Closed liguopeng0923 closed 1 year ago

liguopeng0923 commented 1 year ago

Hi Xiaolong,

I have reproduced the Spherical Transform in VIGOR. However, it isn't easy to get a normal result in CVUSA. Whether there are additional operations in CVUSA?

Best, Guopeng.

guanfang12 commented 1 year ago

Because standard panoramic images should have a 2:1 aspect ratio, and the images in CVUSA are cropped with a non-standard aspect ratio, as mentioned in Section 4.4 of our paper:

Despite the panoramas in CVUSA being cropped and having a non-standard aspect ratio, our spherical transform method successfully projects them to a bird's-eye view by completing it to the correct proportion, as shown in Figure 5.

The code for this completion is as follows(we set dty = -20 for CVUSA):

Hp, Wp = img.shape[0], img.shape[1] # pano shape

if dty != 0 or Wp != 2*Hp:

    ty = (Wp/2-Hp)/2 + dty                                                 # completing pano to the correct proportion

    matrix_K = np.array([[1,0,0],[0,1,ty],[0,0,1]])

    img = cv2.warpPerspective(img,matrix_K,(int(Wp),int(Hp+(Wp/2-Hp))))
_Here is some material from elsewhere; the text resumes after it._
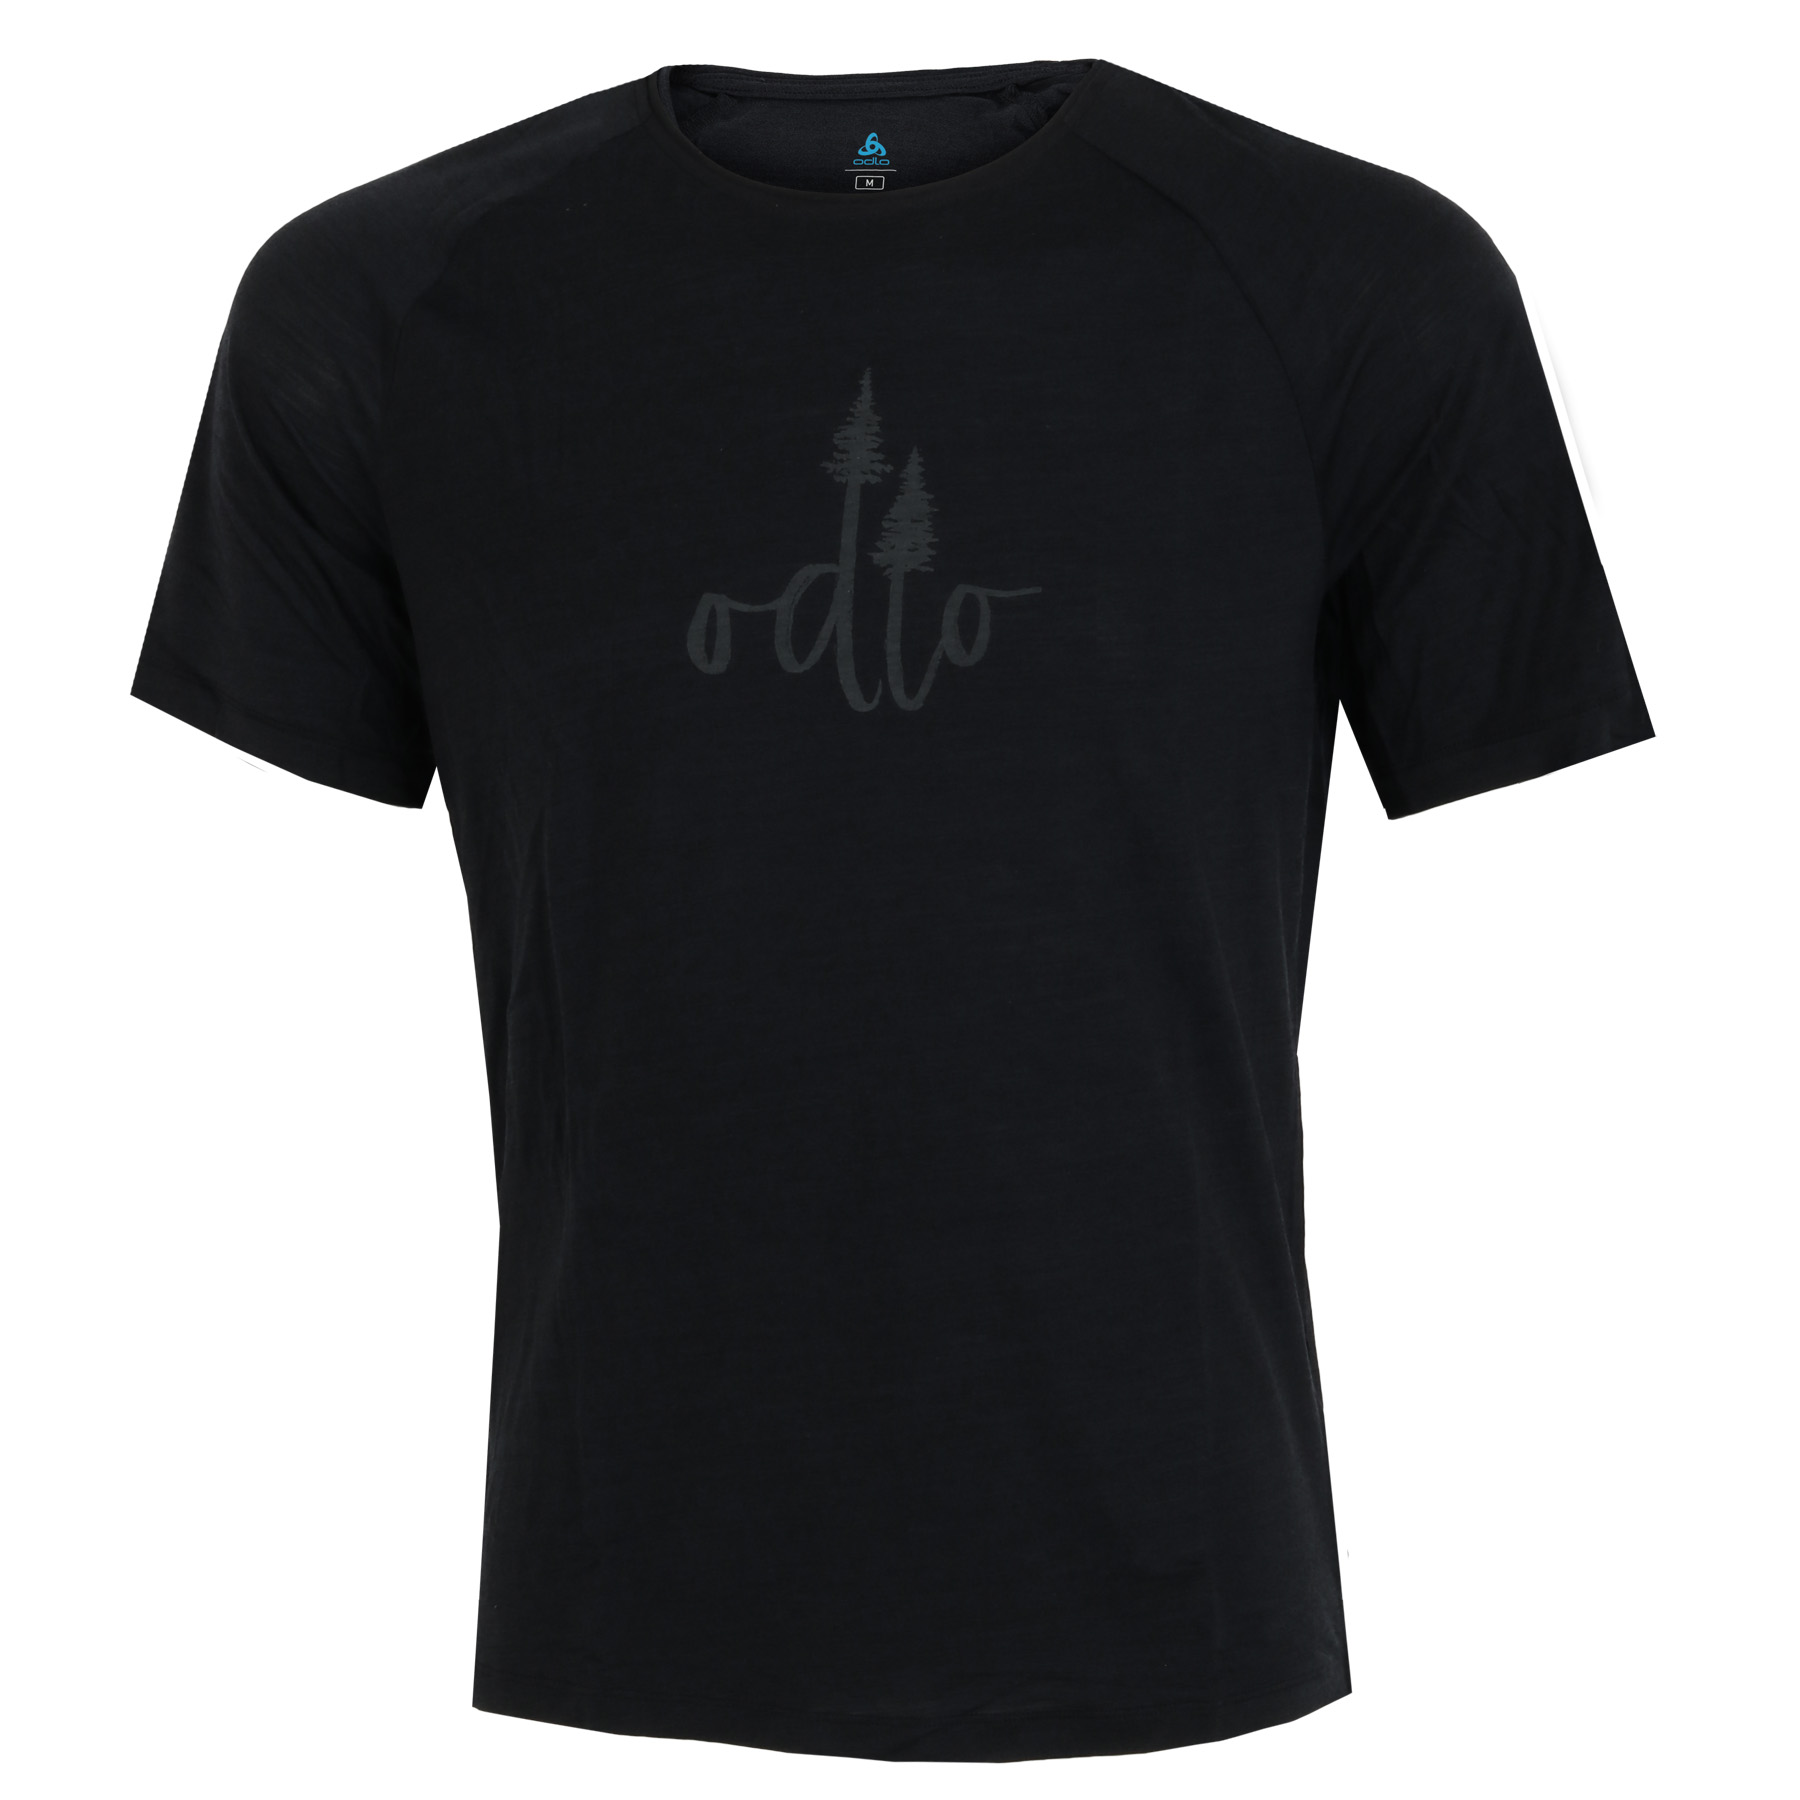 Produktbild von Odlo Herren Ascent Performance Wool 130 T-Shirt mit Baumprint - black melange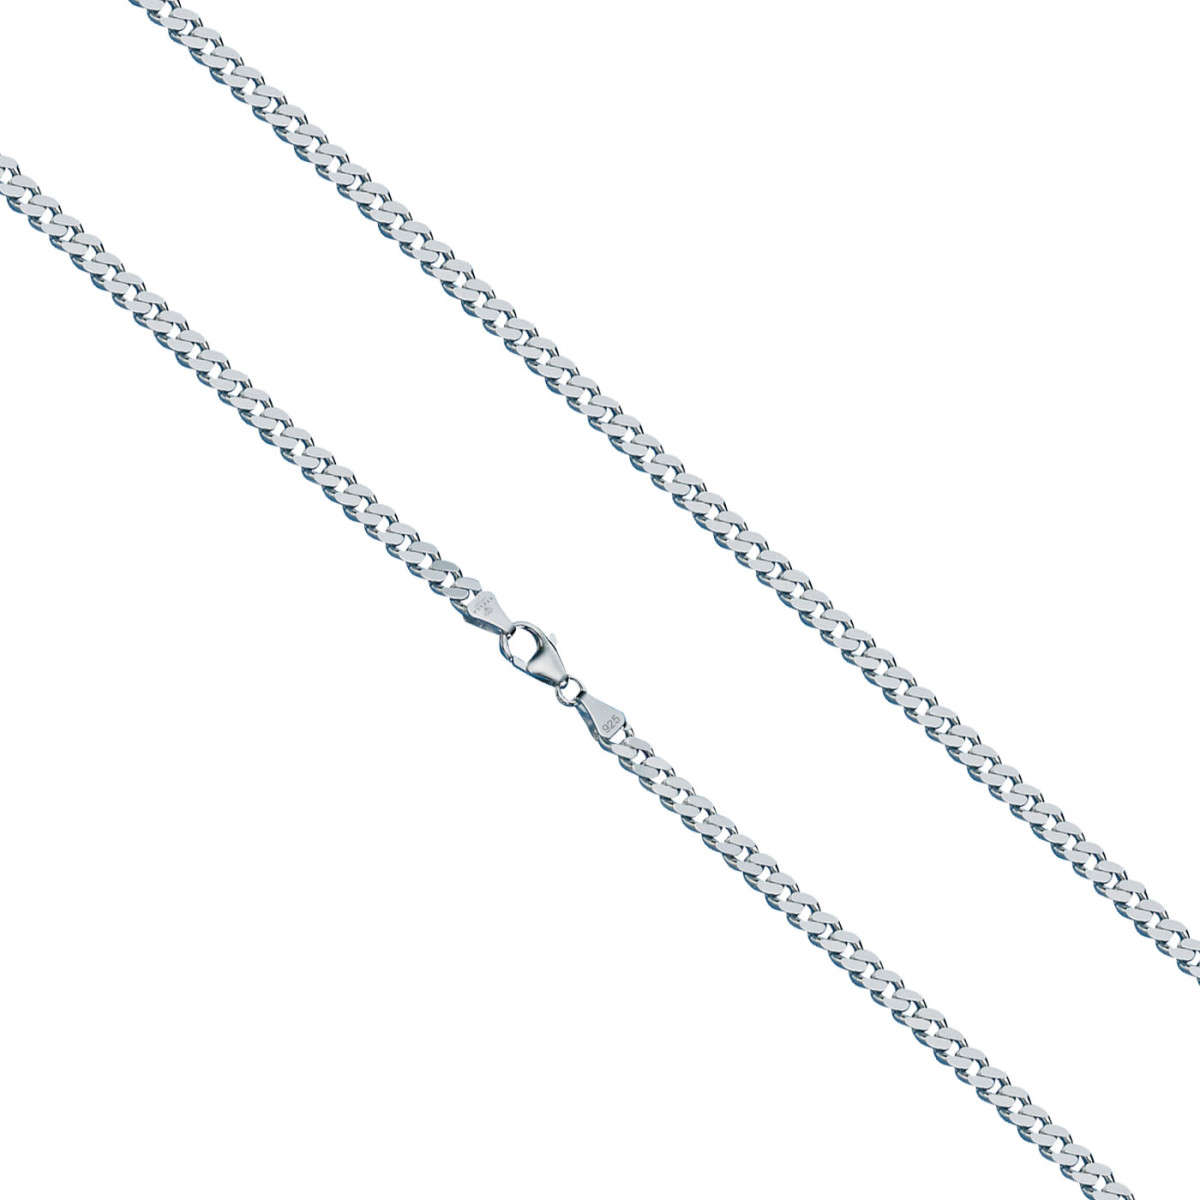 INCOLLECTIONS Damen-Halskette 925/000 Sterlingsilber Panzerkette 1,3 mm breit

Typically, cropping involves trimming the content of the vehicles within the field of view. You can also test the bird's-eye view projection of CVUSA panoramic images on our online test platform in Example 3 using the following link.

liguopeng0923 commented 1 year ago

Thanks very much. I have got successfully reasonable results according to your API. Great work!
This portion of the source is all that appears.